# 442 Гц или 440 Гц и крепление планок



## serget (1 Июл 2018)

Доброго всем дня! Прошу совета при покупке нового баяна, есть два вопроса.

1. Какой строй выбрать - "стандартный" 440 Гц или скажем 442. Раньше такой вопрос в голову не приходил, но обнаружил что вроде как Юпитера настраивают в 442 и аккордеонисты из Франции, Португалии, Финляндии (насчет других стран не знаю) предпочитают 442, равно как и оркестры в Европе. Сам выбираю инструмент для себя, уровень любительский, с оркестром точно играть не буду, но дуэты возможны. Слышал, что  инструменты в 442 звучат ярче и интереснее что-ли. Соответственно вопросы - какой строй сейчас "стандартный", есть ли смысл выбирать 442 ради "яркости", и что лучше для большей потенциальной совместимости в дуэтах (что может и не реализоваться)? Инструмент готовый, четырехголосный LMMH, с розливом в +13 центов.

2. Инструмент кусковой, но есть две возможности установки голосовых планок  - стандартная на воске и по желанию - на гвоздях (я тах понимаю, с кожанной прокладкой) с дополнительным тонким слоем воска для надежности (чтобы не пропускал воздух). Как я понимаю, воск дает более мягкий звук, а на гвоздях в силу более жесткого соединения с резонатором - более яркий/сильный, но возможно и более резкий. 

Кто что думает? Спасибо.


----------



## vev (1 Июл 2018)

*serget*,

1. По мне так не стоит заморачиваться. Стандартом в настоящий момент является 440Гц. Ну а при розливе в 13 центов вообще эти два герца не найдешь...

2. Гвозди безо всякой лайки. Шут его знает, но у меня от гвоздей никакого проку не заметил.


----------



## Grigory Fainshtein (1 Июл 2018)

vev (01.07.2018, 18:40) писал:


> Стандартом в настоящий момент является 440Гц.

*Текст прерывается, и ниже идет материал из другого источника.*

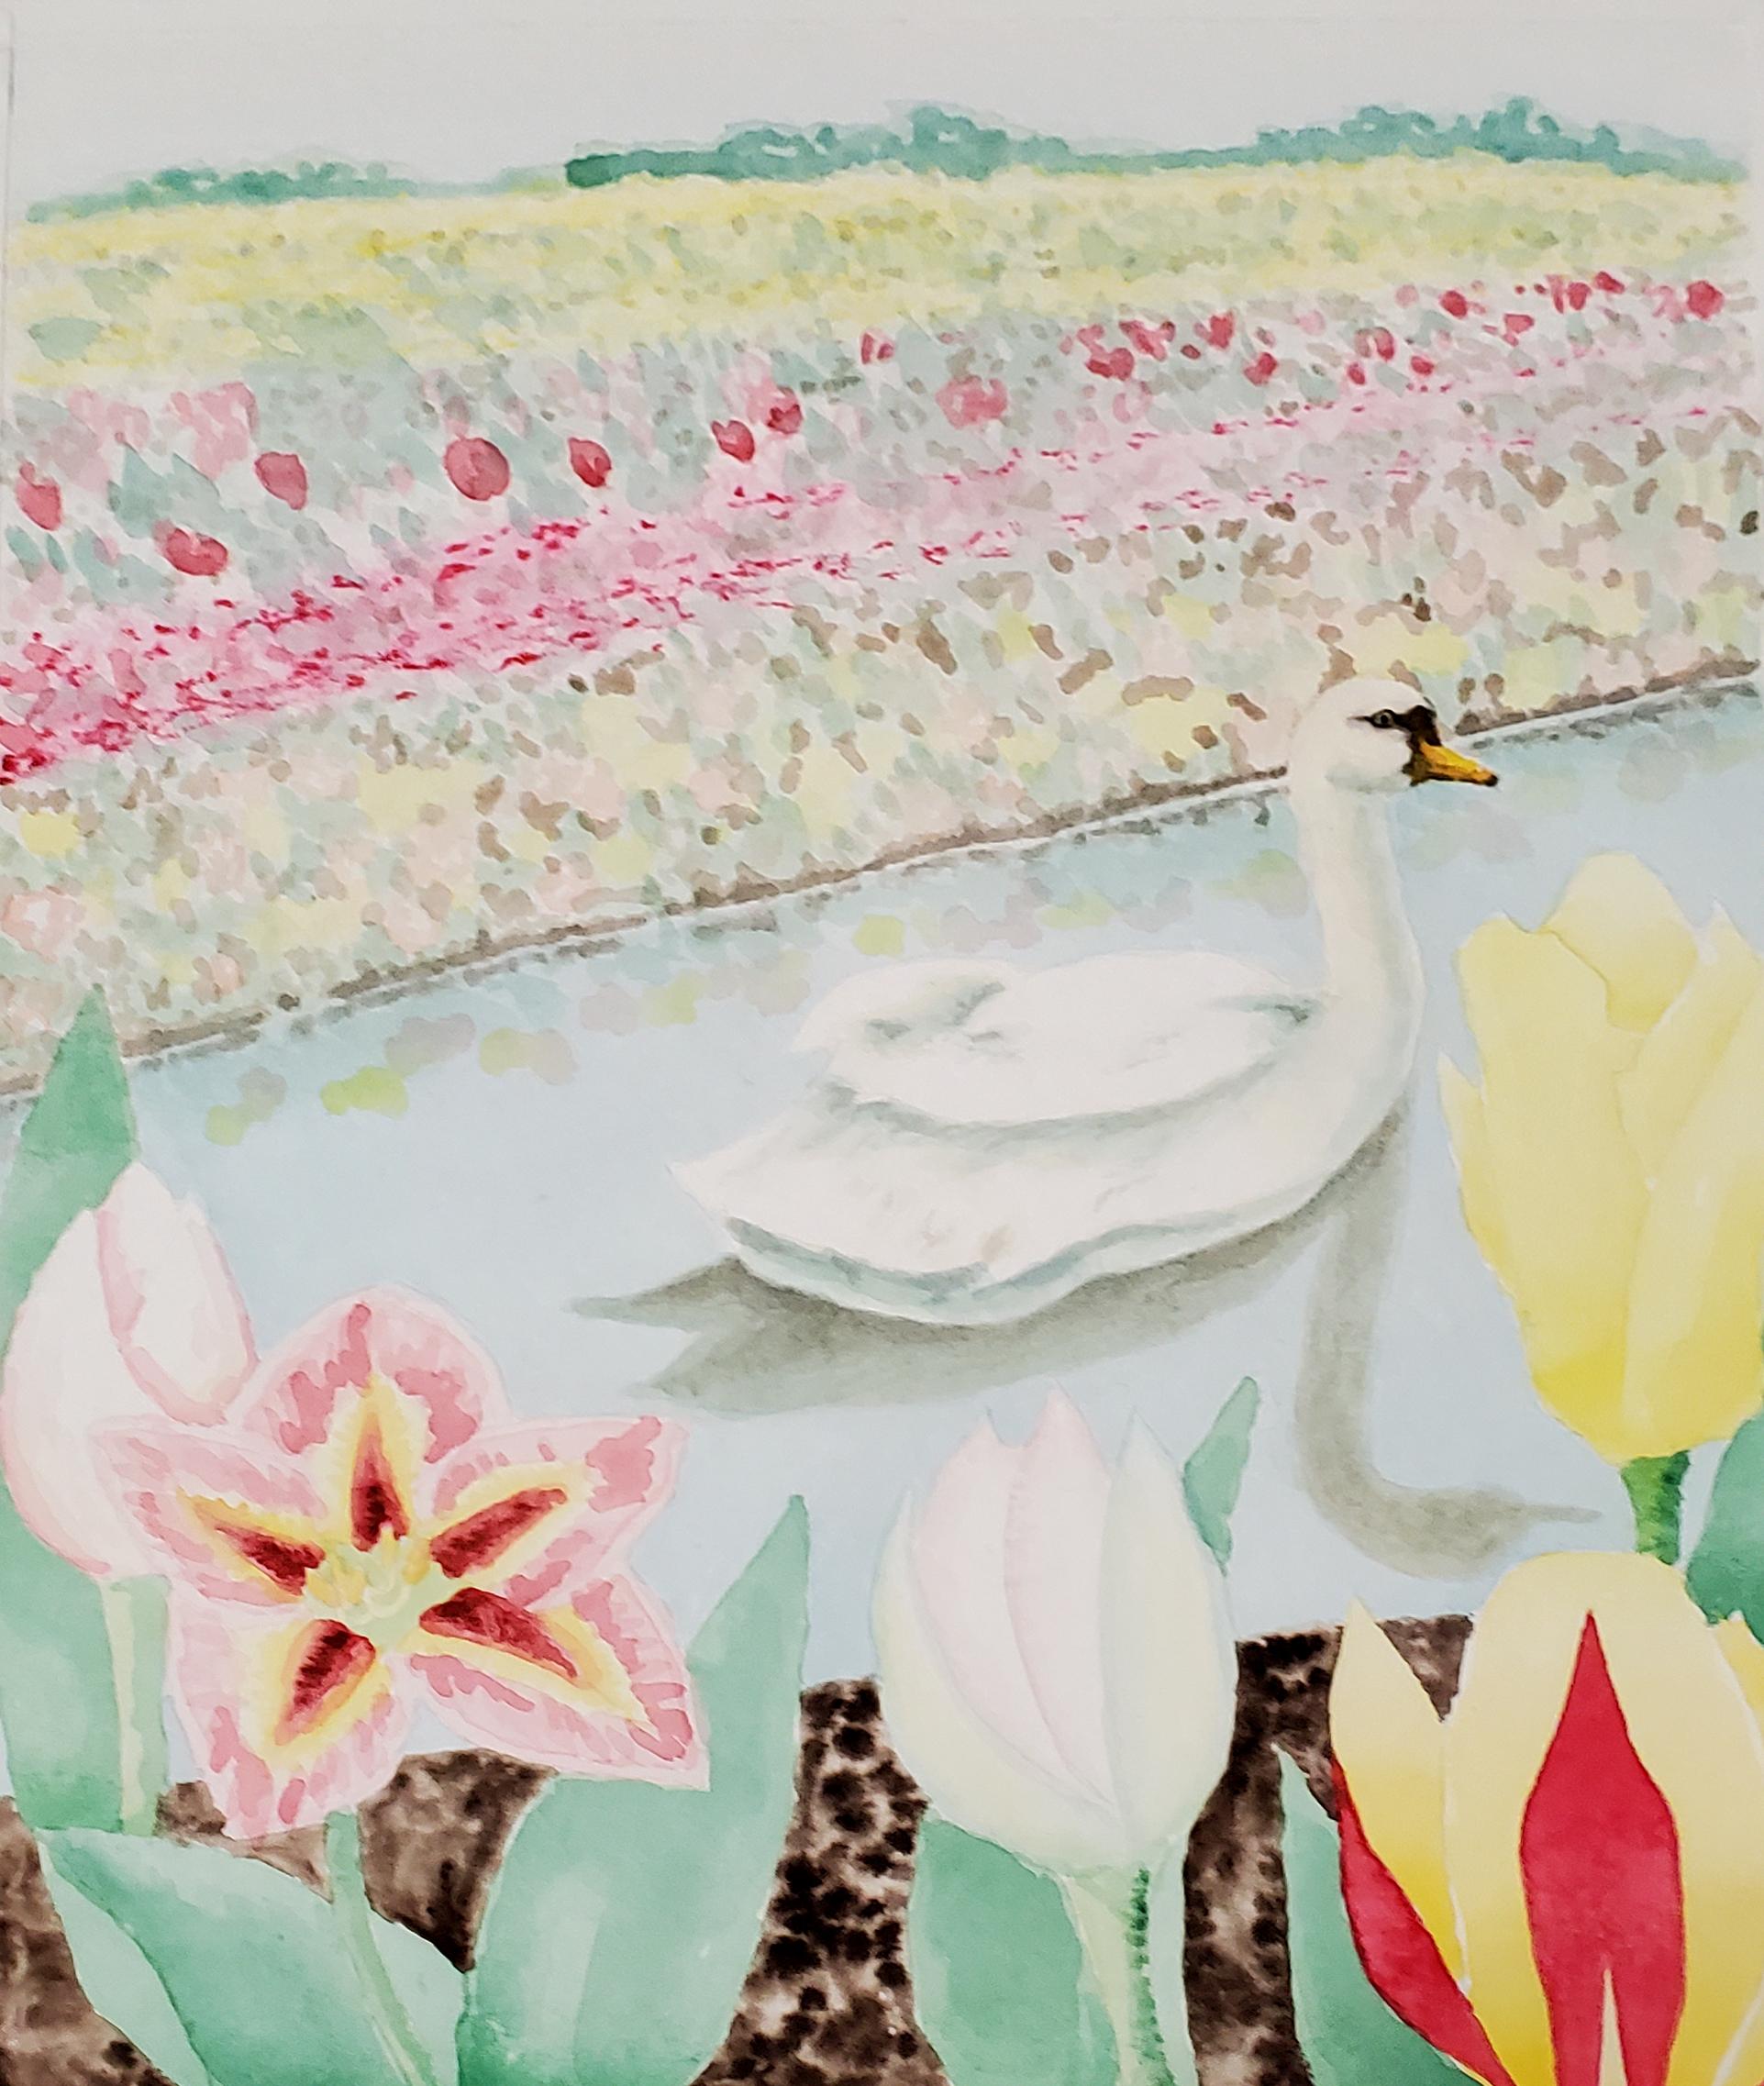 Tulip Fields & Swan on the Keukenhof Canal

 Это верно. Но... спрашивал как-то мастера именно об этом, и он посоветовал выбрать середину, т.е. 441. 
Найдешь эти два герца или не найдешь, а при строе в 442 кому-то это может быть и слышно.
В дуэте с другим баяном может и нет. 
Но, играя со струнниками (не важно, смычковыми или народниками), есть вероятность, что услышат.


----------



## serget (5 Июл 2018)

Спасибо за ответы!


----------